Urban Sciences Building, Newcastle University\

The living laboratory

The Urban Sciences Building is an inspiring new place for world-leading interdisciplinary research and innovation.

More than a lab

The Urban Sciences Building (USB) is home to the University’s School of Computing and research focused on the urban environment. It’s a place where ingenuity, sustainability research and social innovation come together to develop and test new technologies that advance urban sciences.

The ambition for the USB was that it had to be more than just a lab, more than just a classroom – it had to embody sustainability research. Working closely with the University, we’ve designed a real ‘living’ laboratory – a place that drives real innovation and fosters meaningful collaboration. Here, pioneering scientists work hand-in-hand with industry partners and the local community to create and innovate 'smart' digital technologies. The work being done at the USB is already making a difference to the way we live, both in the UK and beyond.

“The most impressive aspect of Hawkins\Brown’s involvement was their willingness to engage with the subject matter of my school, and the degree to which they sought to understand the dynamics of our academic community.”

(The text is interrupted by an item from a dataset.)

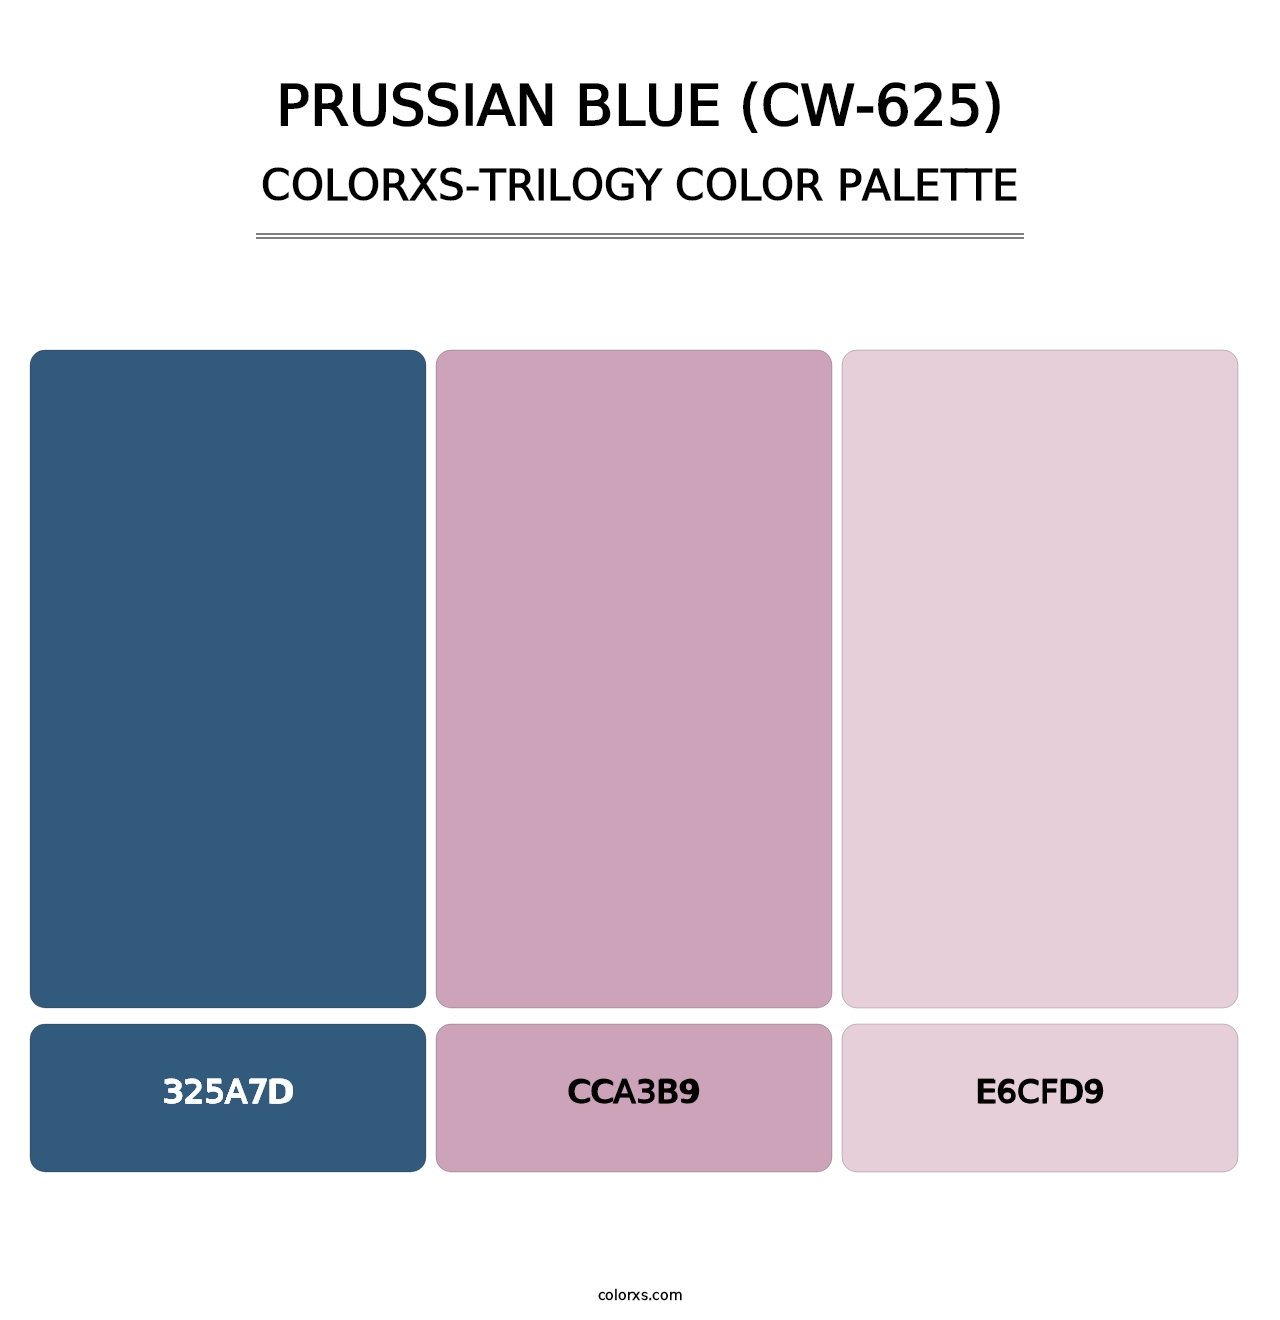 Prussian Blue (CW-625) - Colorxs Trilogy Palette
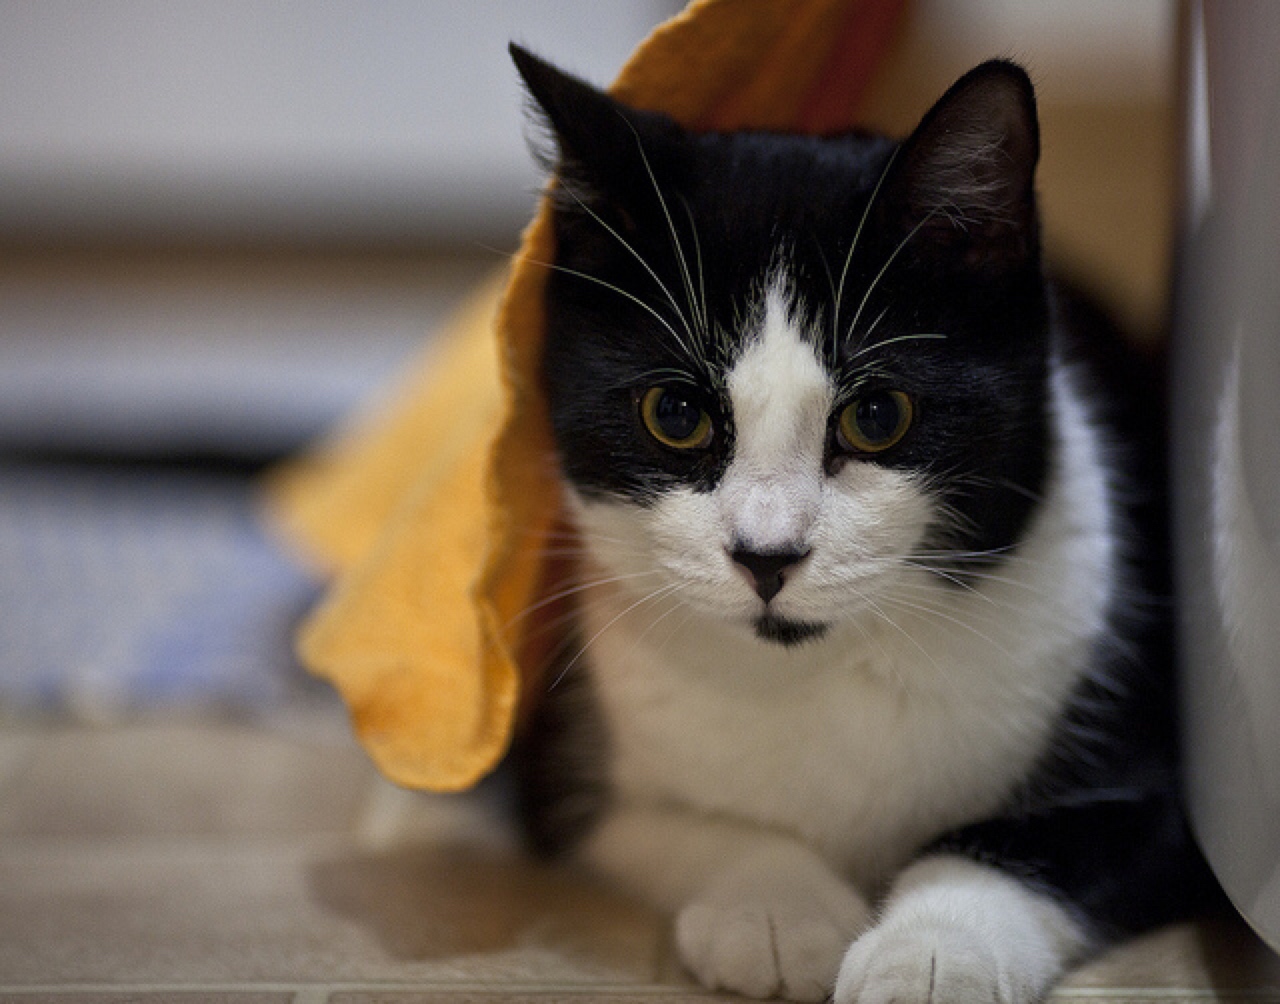 cat wet towel

Professor John Fitzgerald Project Champion, Professor of Computer Science & Head of the School of Computing, Newcastle University

Come together

The USB is located on Science Central, a new hub for science, business, living and leisure at the heart of Newcastle. The building welcomes the public and academics alike and has been designed to stand out as a beacon of technical innovation and civic pride. Externally, it’s striking with a high-tech glass façade system that enhances its desire to engage with the city. Science Square, a generous new piece of public realm, draws people into the ground floor where the public, technology and data come together in the forum space, café and ‘showcase labs’.

Creative collisions

There’s over 12,800sqm of teaching, research and laboratory spaces focused around the warm-toned timber-clad stair. Shooting off from the stair and around the lower levels are plenty of ‘creative collision’ spaces designed to promote engagement – after all, collaboration is the key to discovery.

Designed for the future

As occupants move up through the building the character changes, becoming quieter and more focused as research needs shift. Alongside the labs are the Urban Observatory and Decision Theatre. These spaces are used to process huge amounts of data collected by sensors positioned throughout the USB and across Newcastle. And because we don’t know what the future holds, we’ve also designed a ‘maker space’ for yet to be developed research projects.

  • Project Details
  • Working With Artists
  • Sustainability
  • Drawings
  • Social Value

Project Summary

Project Team

Structural Engineers: Buro Happold
Environmental / M&E Engineers:Buro Happold
Acoustic Engineers: Buro Happold
Cost Consultant: Turner and Townsend
Project Management: Turner and Townsend
Landscape Architects: BD Landscape Architects
Lighting Designer:Buro Happold


  • CIBSE Awards 2019 - Project of the Year - Public Use - Winner
  • RTPI Awards 2019 - Excellence in Planning for a Successful Economy - Shortlisted
  • Smart City UK Awards 2019 - Infrastructure, Data and Health - Shortlisted
  • Green Gown Awards 2018 - Campus of the Future - Winner
  • Blueprint Awards 2018 - Best Sustainable Project - Shortlisted
  • Education Estates Awards 2018 - Innovation in Teaching and Learning - Winner
  • RICS North East Awards 2018 - Design Through Innovation - Winner
  • RIBA Awards 2018 - North East Regional Award - Shortlisted
  • Constructing Excellence Awards 2018 - Building of the Year, Integration & Collaborative Working, Sustainable Building, Digital Construction, Off Site Manufacturing - Winner
  • Guardian University Awards 2018 - Buildings That Inspire - Runner Up
  • Offsite Awards 2018 - Best Use of MEP Technology - Highly commended
  • Lord Mayor's Design Awards 2018 - Sustainability - Winner

Working With Artists

Computing is everywhere and nowhere simultaneously; cloud computing, wireless networks and virtual realities make it increasingly hard for people to see how ubiquitous digital processes have become. This building was conceived as a space that creates, curates and relies on digital connections. The external envelope of the building provided a canvas to explore ways of highlighting the intangible nature of computation through art.

BigData: Self-portrait

The dots and lines across the glazed south elevation are in a sense a self-portrait of the University. They are the result of an artistic and technical collaboration between the University, Hawkins\Brown and Martyn Dade Robertson, a member of the University's School of Architecture, Planning and Landscape, and graduate of the School of Computing.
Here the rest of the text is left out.